Il chassa son épouse enceinte sous prétexte qu’elle attendait une fille, tandis qu’il dilapidait une fortune pour offrir à sa maîtresse un accouchement luxueux dans une clinique privée, convaincu qu’elle lui donnerait enfin un fils. Pourtant, le jour de la naissance, un événement imprévu allait bouleverser à jamais son destin…
Le matin s’était levé avec douceur sur Lyon.

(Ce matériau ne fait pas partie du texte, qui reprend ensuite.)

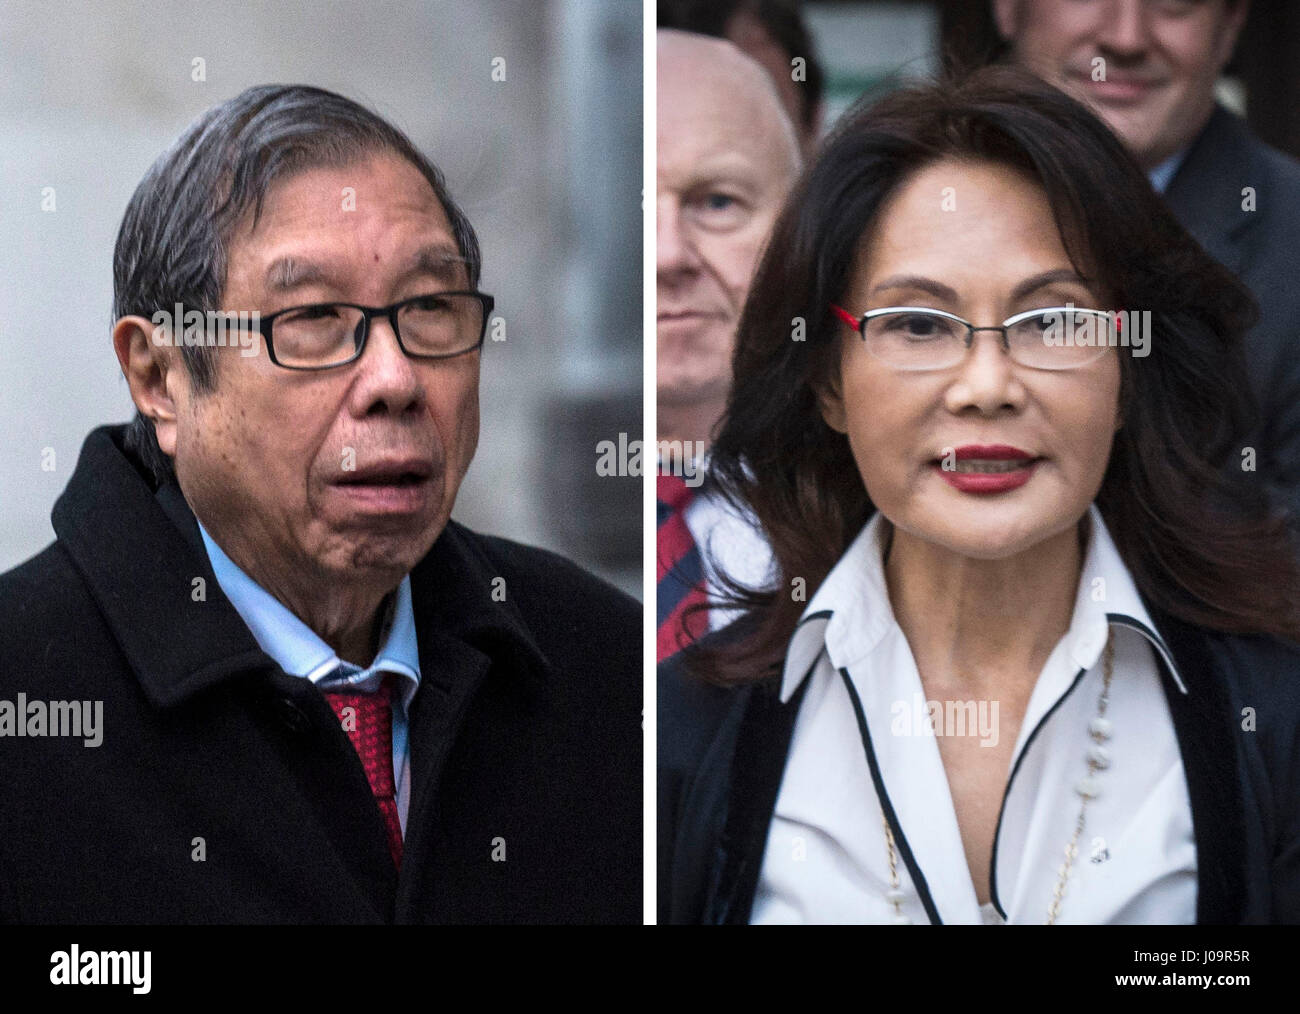 Fotos von Laura Ashley-Chef Khoo Kay Peng und seiner Ex-Frau Pauline Chai. Ein Scheidungsrichter, der der Ex-Frau von Dr. Khoo £64 Million zuerkannt hatte, schlug einen Schlag für die Eltern, die sich um Kinder kümmern, sagt ein Anwalt. Stockfoto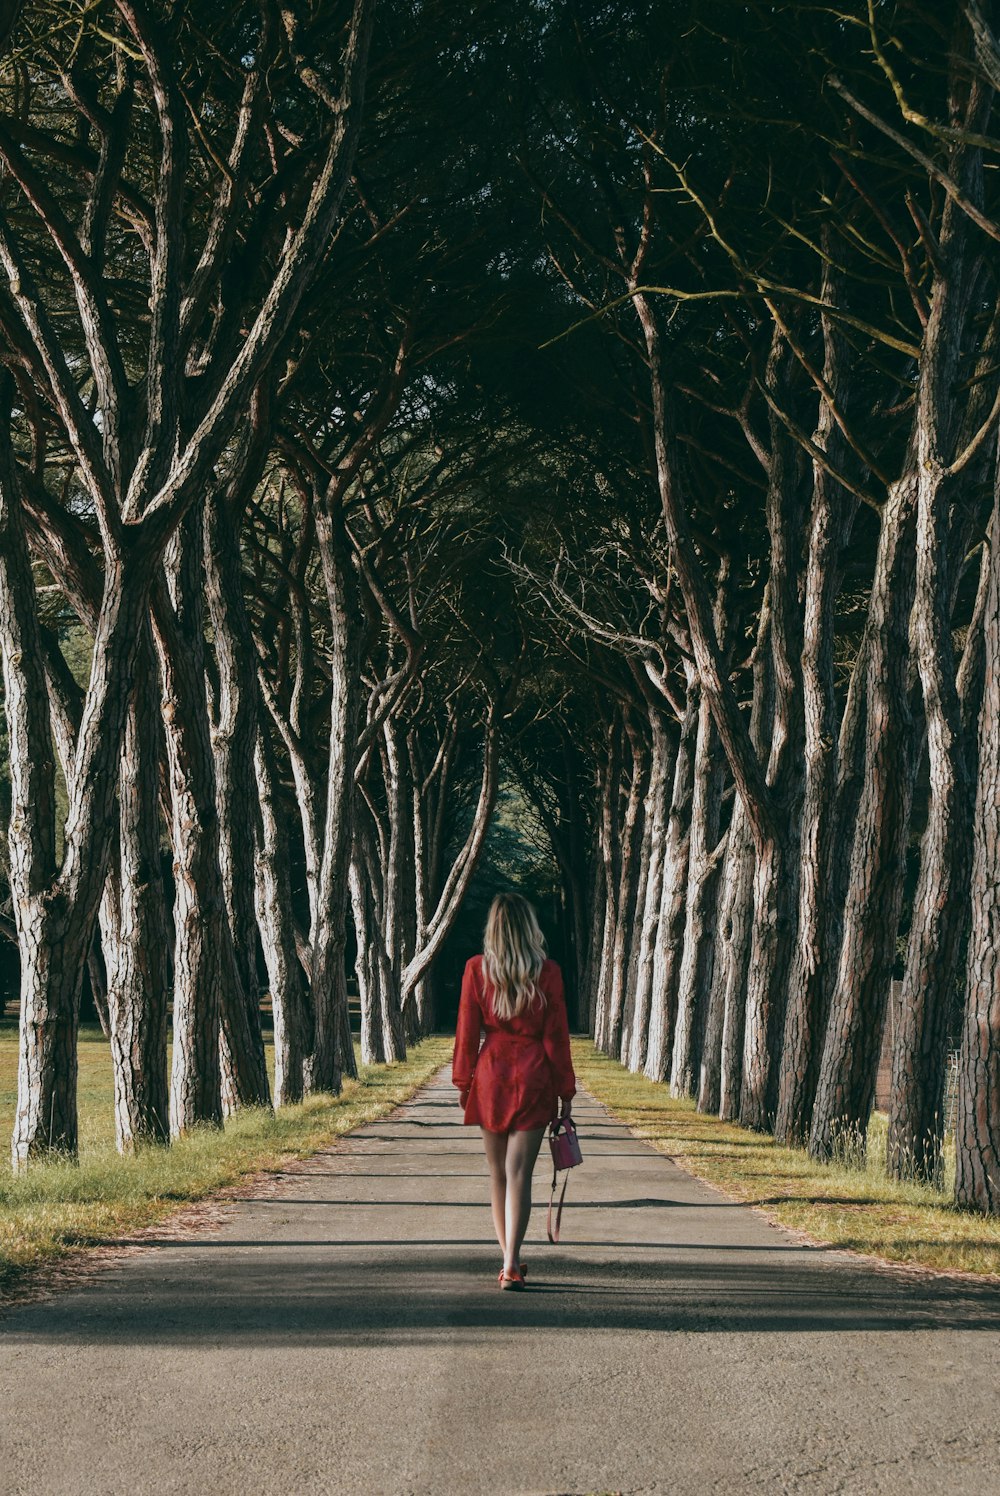 빨간 드레스를 입은 여자가 나무가 늘어선 길을 걷고 있다

Une lumière dorée glissait entre les toits rouges de la colline de Fourvière, enveloppant la ville d’une quiétude trompeuse.
Dans son petit appartement de la Croix-Rousse, Élise avançait lentement, une main posée sur son ventre arrondi, prêt à donner la vie. Chaque pas lui coûtait, mais, malgré l’épuisement, elle murmurait avec tendresse :
— « Tiens bon, mon amour… encore un peu, et nous nous rencontrerons enfin. »
Marc, son mari, ne lui accorda pas même un regard. Depuis le début de sa grossesse, l’homme autrefois attentionné s’était mué en étranger. Tout l’irritait : les odeurs, son sommeil fragile, son souffle court. Comme si la maternité l’avait rendue invisible.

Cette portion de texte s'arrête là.